One of the areas that can derail relationships is the strong sense of individualism each partner brings into the relationship. There’s nothing inherently wrong with individualism BUT a rigid interpretation, carried into the relationship, quickly becomes about which partner gets their way, or who has to give up a part of their identity, or what they want. The perceived fear of losing one’s identity can become a stressor in the relationship; a sense of entitlement creeps in to colour conversations that start to prick. This paradigm of individualism is fueled by the organization ethos, especially if both partners are working.

Contemporary research points to the adverse impact workplace performance pressure, individual career expectations, peer pressure, organization culture, and logistics issues such as the daily commute – have on family well being. Conflicts between work and relationship commitments impact almost every couple and family. Needless to state, WORK nearly always wins! The tacit (and now increasingly explicit) ethos in organizations is: produce, perform, put in the hours, and compete – AT ALL COSTS! This pressure tends to destroy any equilibrium that an individual might want for one’s life or relationships. If the work DAY involvement was not enough, there is additional pressure to attend evening and weekend events all aimed at building teamwork, productivity, and bonding (tried wiggling out of these??). In the mean time, the slow erosion in the couple bond goes unnoticed.

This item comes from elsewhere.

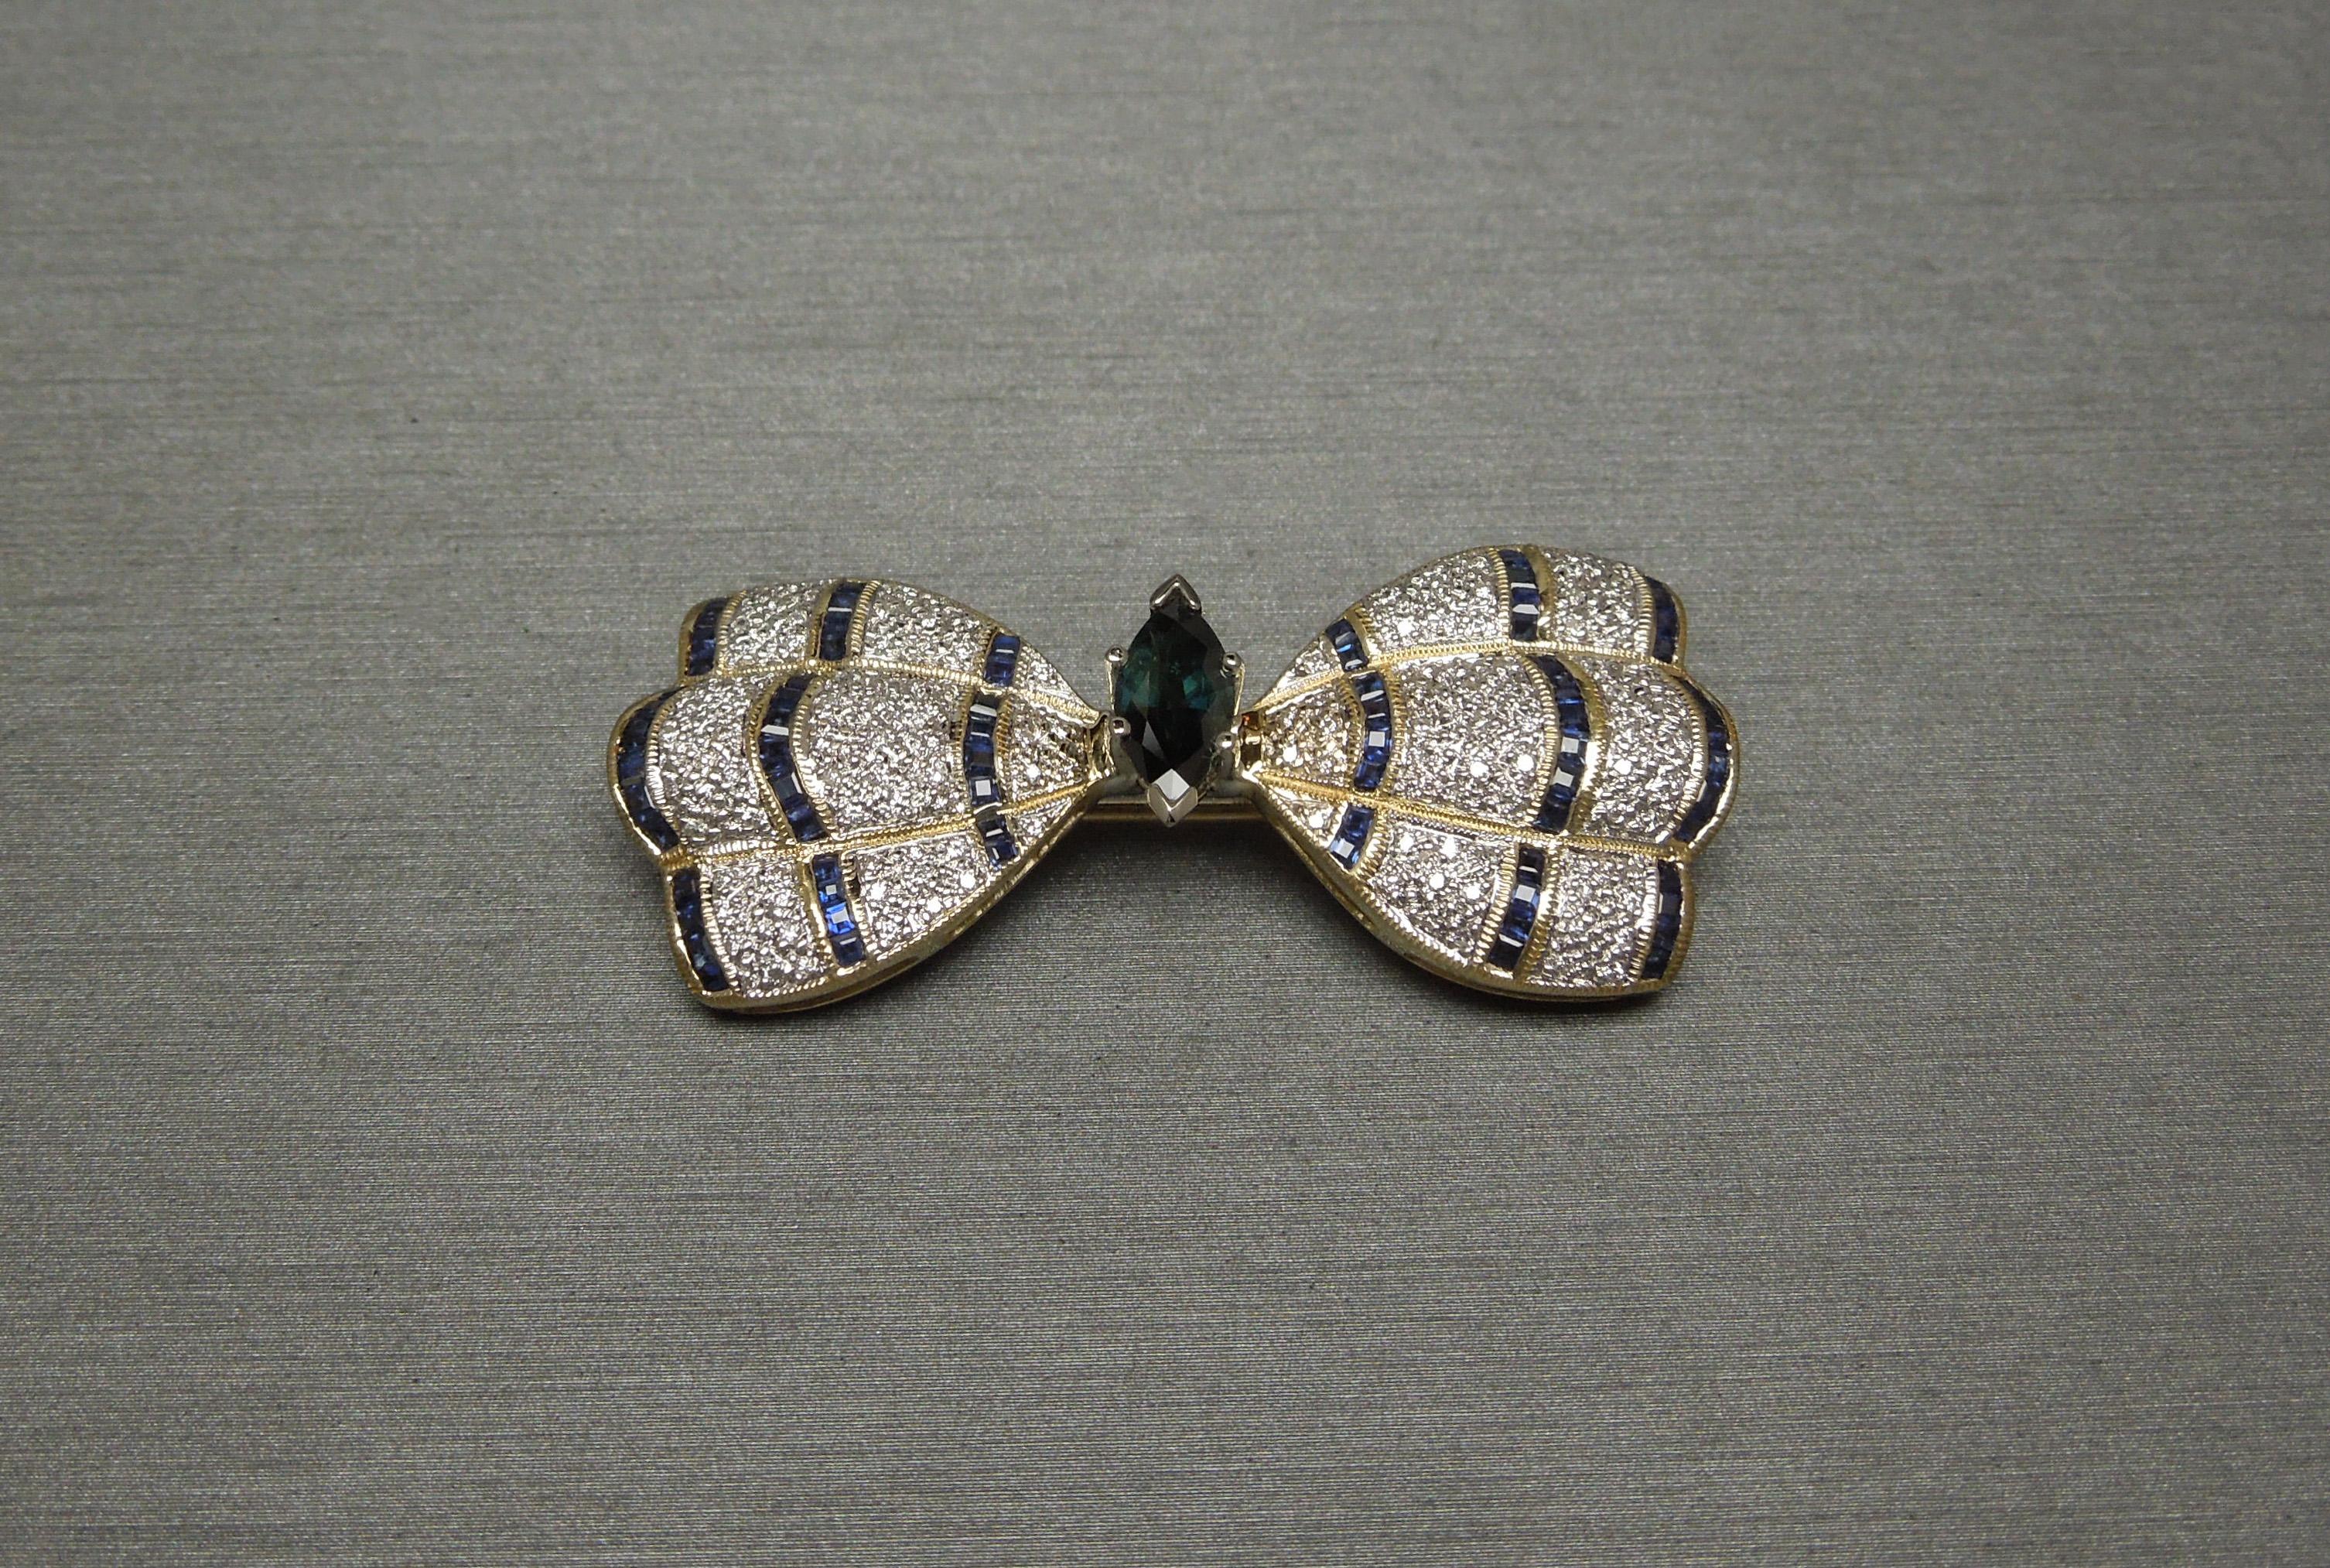 This 18 Karat Gold Sapphire & Diamond Butterfly features a central 1.20 carat Marquise cut Natural Color Changing [Blue-Green] Sapphire, resembling the body of Butterfly, at 10mm in length x 4.7mm in width, securely set in a 6-Prong White Gold head
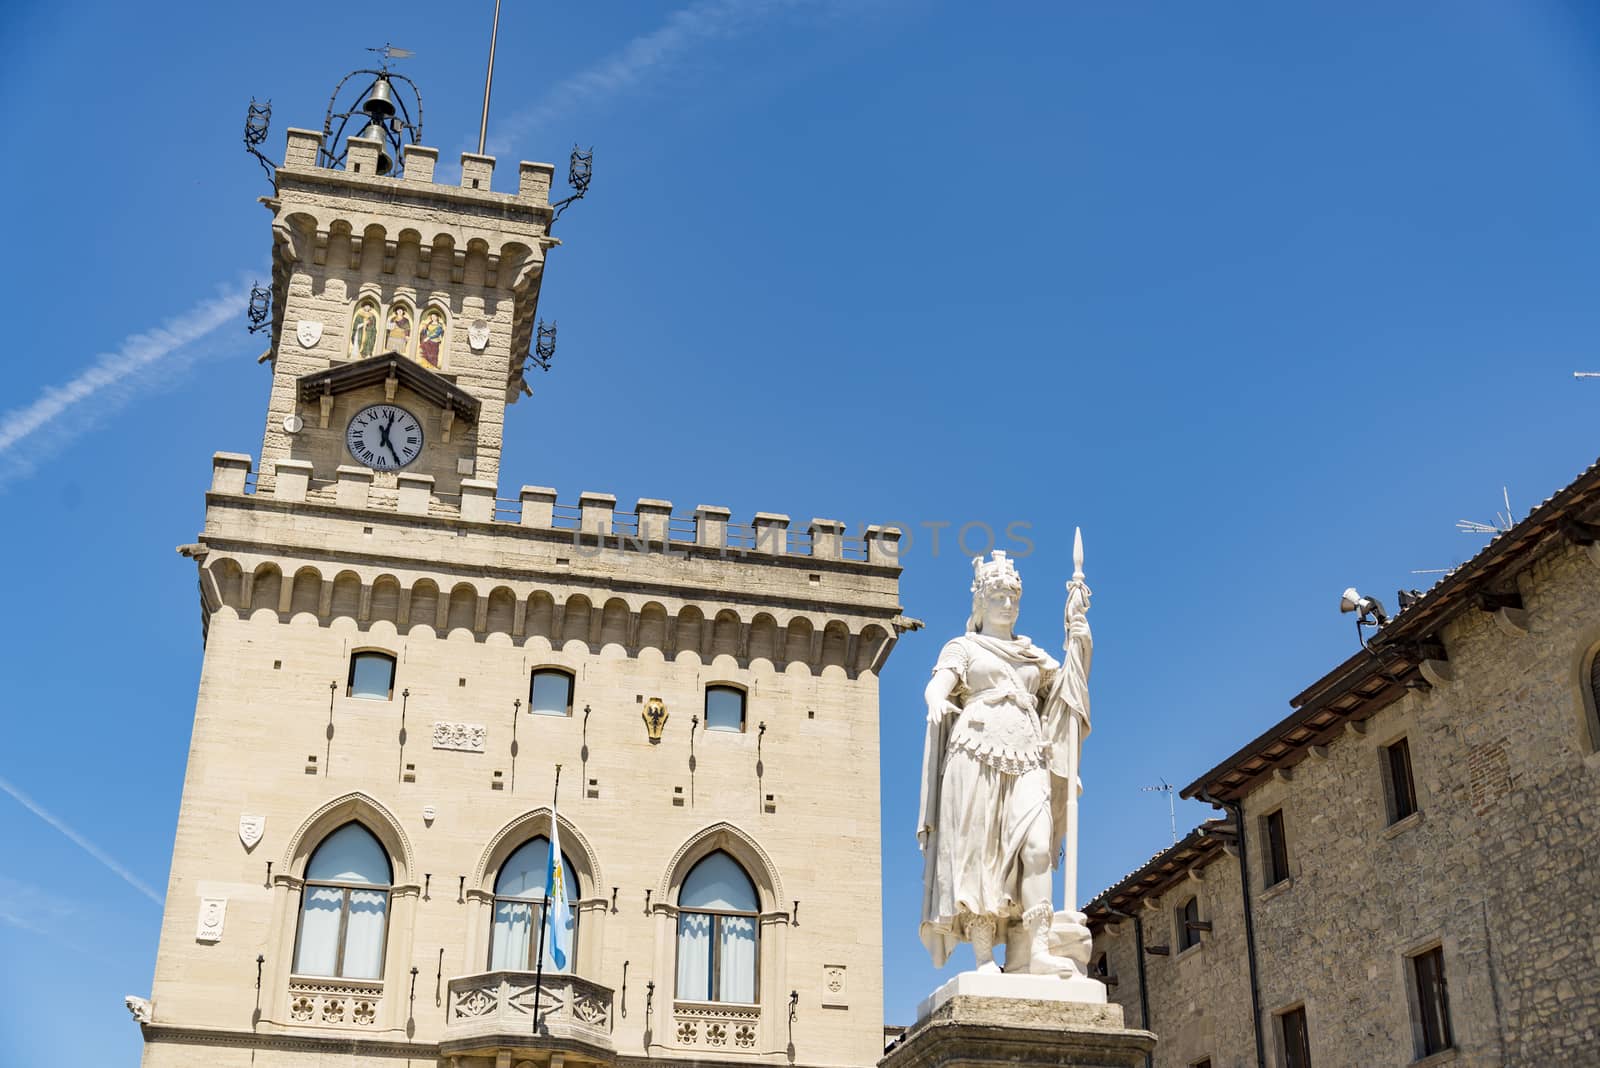 Central square of San Marino with the Public Palace and statue of Liberty in Sam Marino Republic

This work ethic can cause isolation between the couple as each partner is swept by the organization ethos and pressure. Intimacy tends to get replaced by a feeling of competiveness, and who’s getting a better or fairer deal. Competitiveness (and often times the toxicity) of the workplace seeps into the relationship. Couples feel that their primary obligation is to work and not to their relationship. The first warning sign: not being able to spend time with each other!

Research suggests that each person has a defined capacity to bond and enjoy intimacy in relationships. If this entire capacity is taken up by the organization, then it’s no surprise that there is no time, energy, or interest left in bonding as a couple. The second warning sign: Relationships at work become more intimate than the ones at home!

Other signs that the work ethos is endangering the couple: physical exhaustion, sleep deprivation, decreasing physical fitness, increasing alcohol or substance use, unhealthy eating, no communication, not doing fun things together, feeling blue, being angry or irritable all the time, and so on. These are the outcomes that flow from the belief that career achievement is higher priority than a close, intimate personal relationship. The third warning sign: When a couple doesn’t talk! – really talk, about things small and big, important and silly…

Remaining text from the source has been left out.